Total: 17 judgements across 3 scopes.

Does this look right? Should I add, remove, or modify any judgement?

Wait for user confirmation. Iterate if the user requests changes.

Phase 5: Write / Update YAML

Once approved, write the output:

If an existing YAML config was provided:

Replace only the judge_definitions: section.
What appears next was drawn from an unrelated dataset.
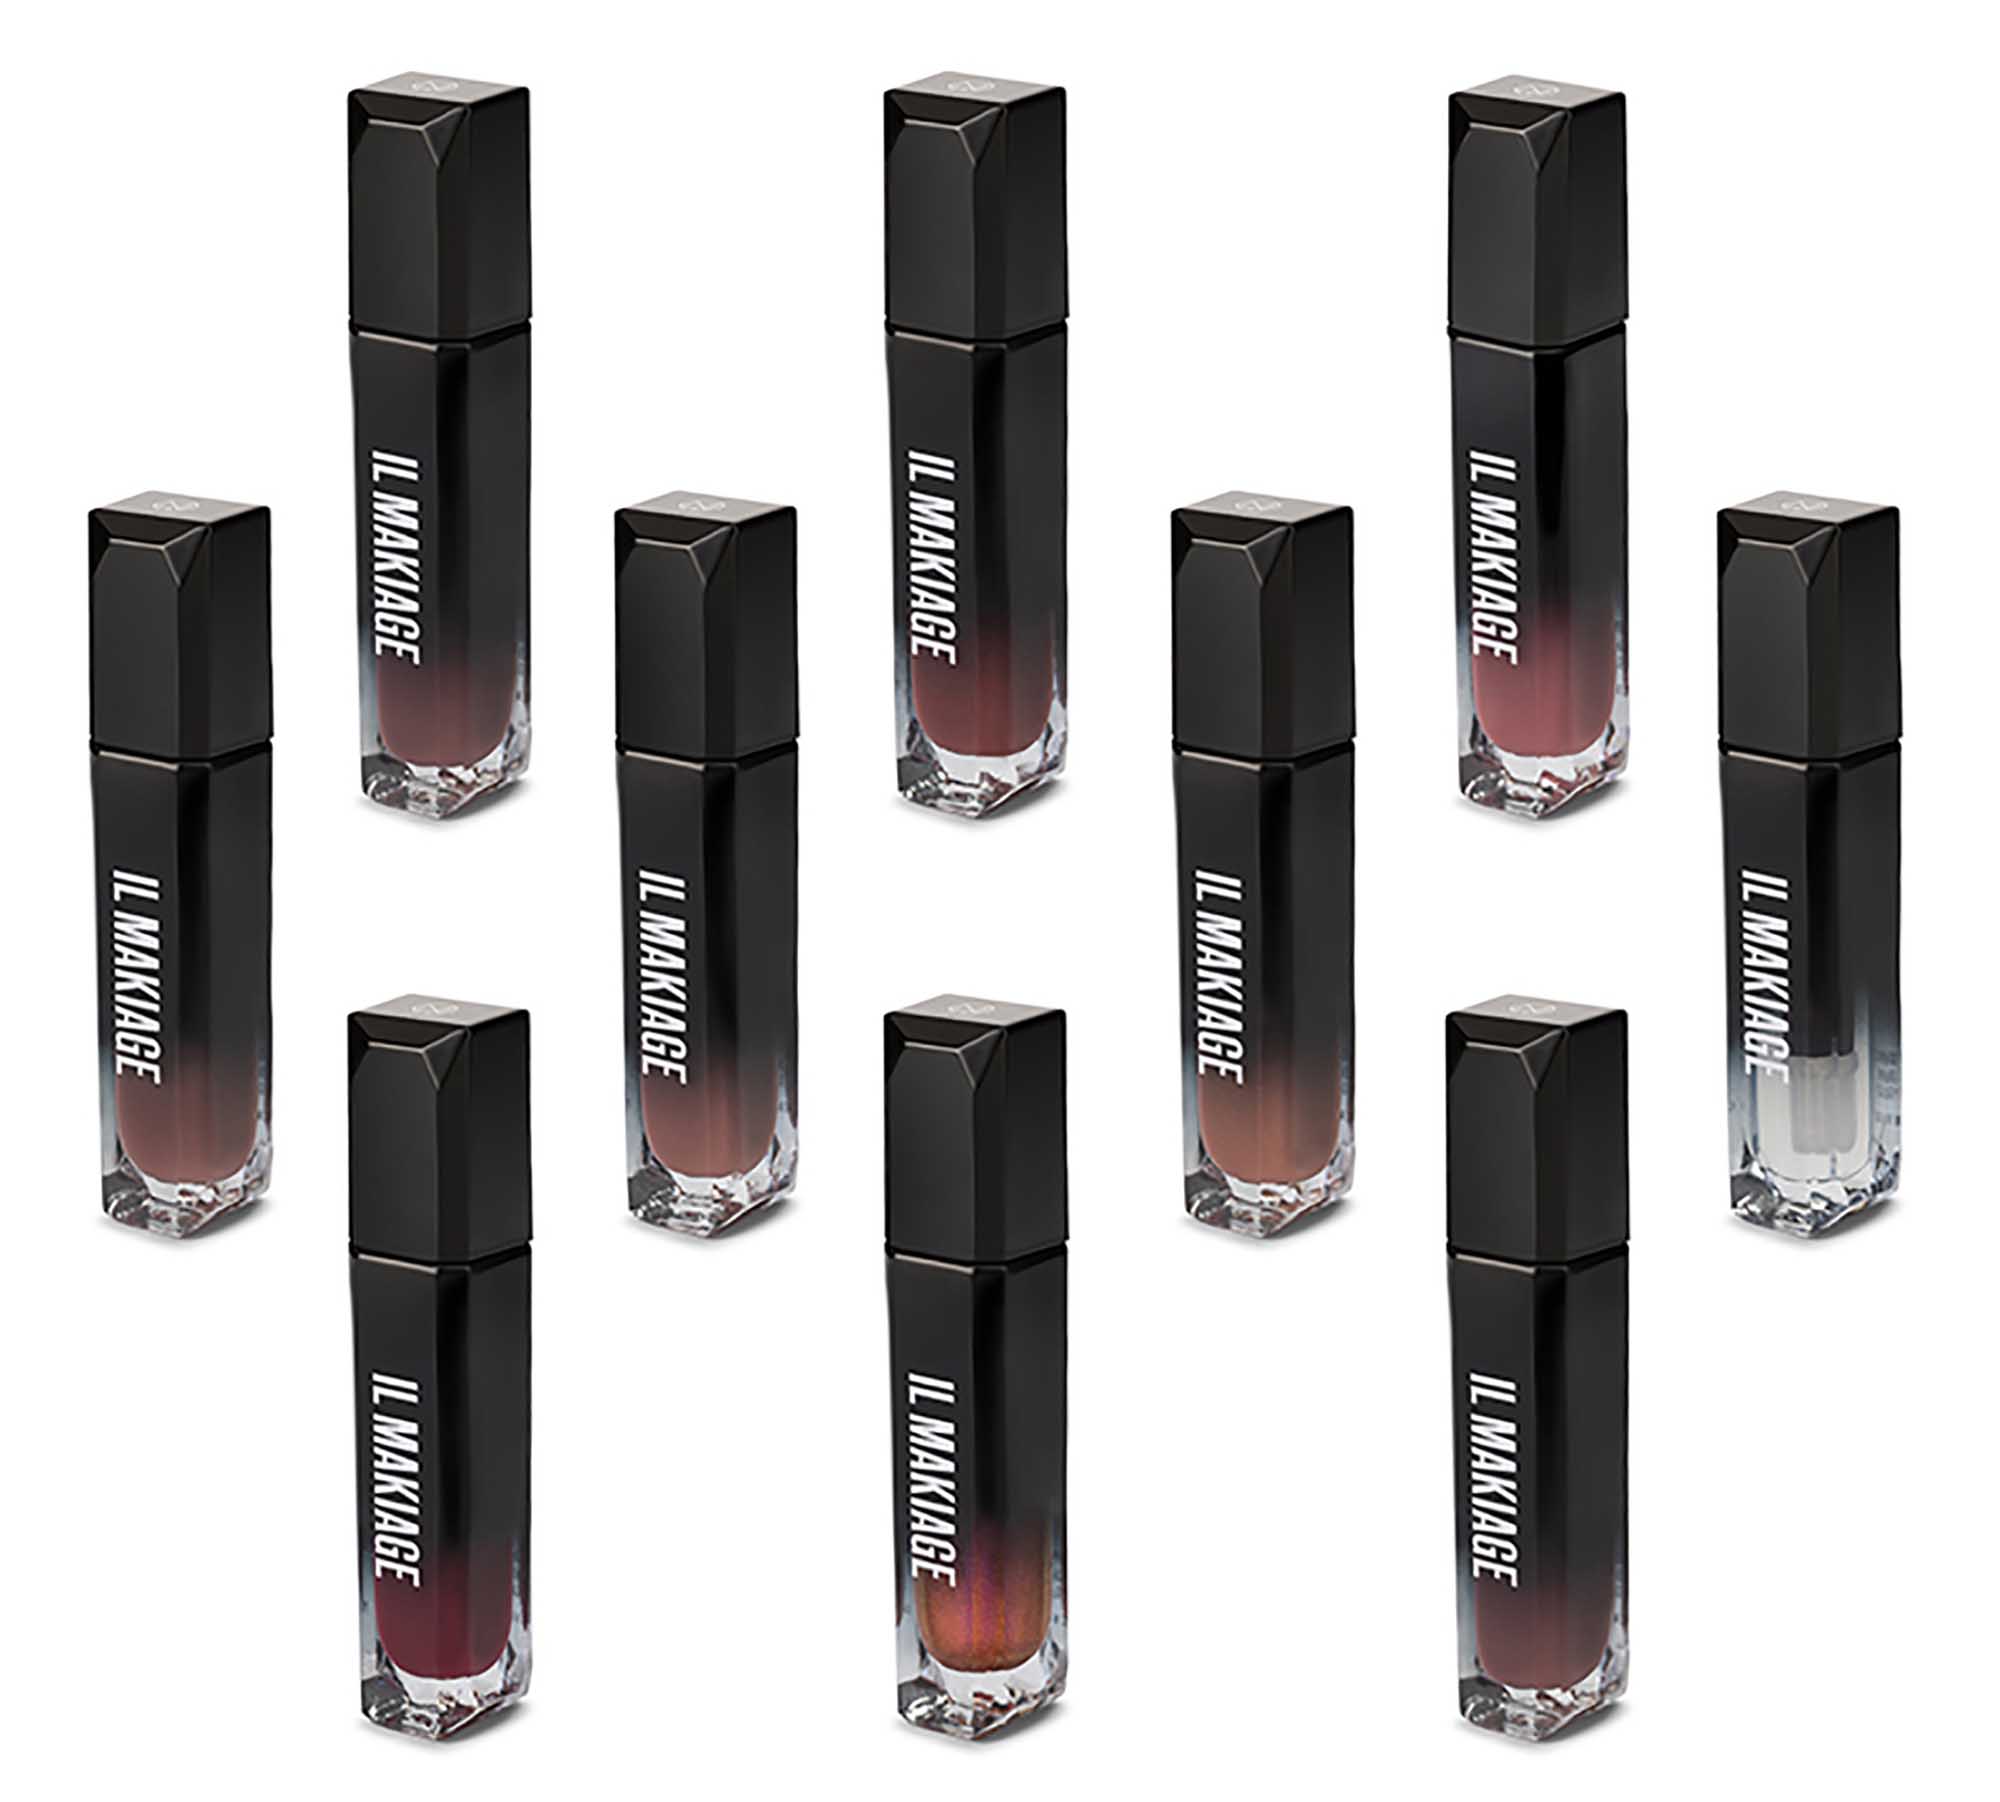 הגלוסים Lipsrvice hi shine lip החדשים של איל מקיאג', איפור, מוצרי איפור
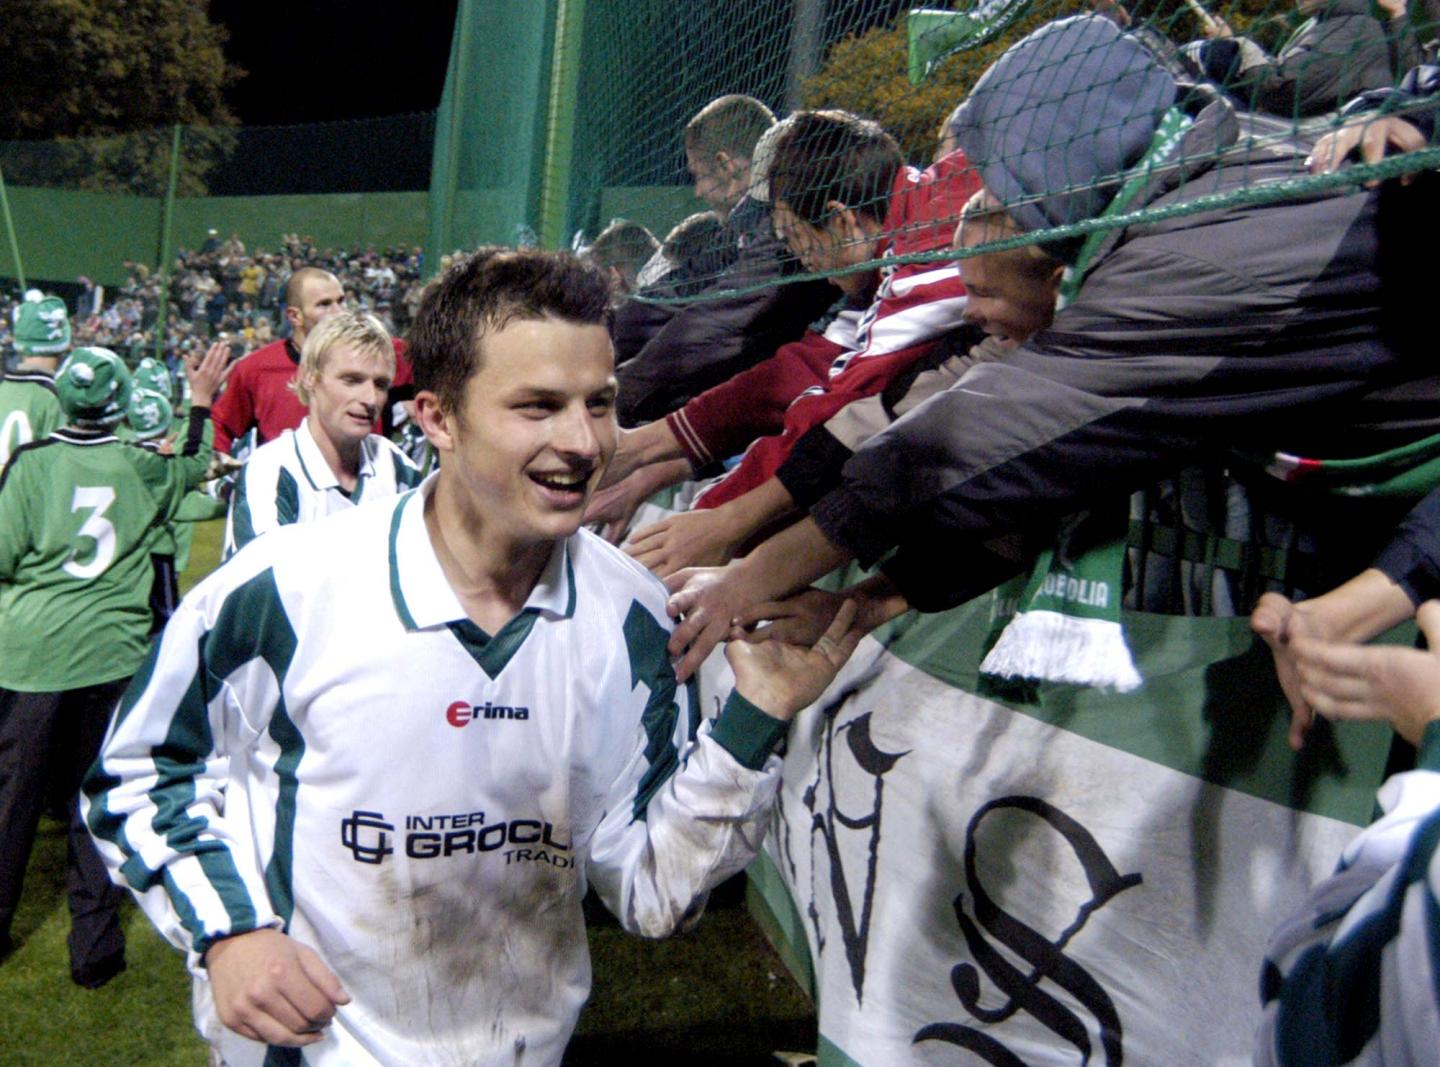 Andrzej Niedzielan podczas meczu Groclin Dyskobolia Grodzisk Wielkopolski - Hertha Berlin 1:0 (15.10.2003)

Preserve all other fields (name, prompt, skills, timeout_seconds, environment, etc.) exactly as they are.

Add the standard scope comment block above judge_definitions::

# ==============================================================
# Judge Definitions
#
# scope values:
#   all        — runs in all test scenarios
#   {scope1}   — only when test_scope={scope1}
#   {scope2}   — only when test_scope={scope2}
# ==============================================================
judge_definitions:

If no existing YAML was provided:

Generate a complete YAML config file. Ask the user for:

name — test run name
project_dir — temp project directory name
prompt — default prompt for the test
test_scope — default scope to use

Use sensible defaults from the skill directory name for the rest. See references/yaml-config-spec.md for the full config structure.

File naming: {skill-name}.yaml placed in the appropriate tests/configs/ directory.

After writing, inform the user of the file path and remind them:

They can override test_scope and prompt from the CLI
Empty environment values won't override existing env vars
Judges with scope: all always run

Important Guidelines

Be exhaustive: Extract every testable behavior from the skill. It's better to have too many judgements than to miss an important check. The user can always remove extras.
One point per judgement: Never combine multiple checks. If you're tempted to use "and" in a question, split it into two judgements.
Write for an LLM judge: The question will be answered by an LLM reading a raw MLflow trace (JSON with tool calls and responses). Be explicit about where to find evidence in the trace.
Include thresholds: When the skill specifies numbers (e.g., "5 search queries", "30-50 items", "at least 3 per category"), encode those in the judgement.
Respect language: Write judgement questions in English (they are consumed by an LLM judge, not shown to end users). But interact with the user in their language.
Preserve existing work: When updating an existing YAML, review current judgements first. Keep well-written ones, improve weak ones, add missing ones.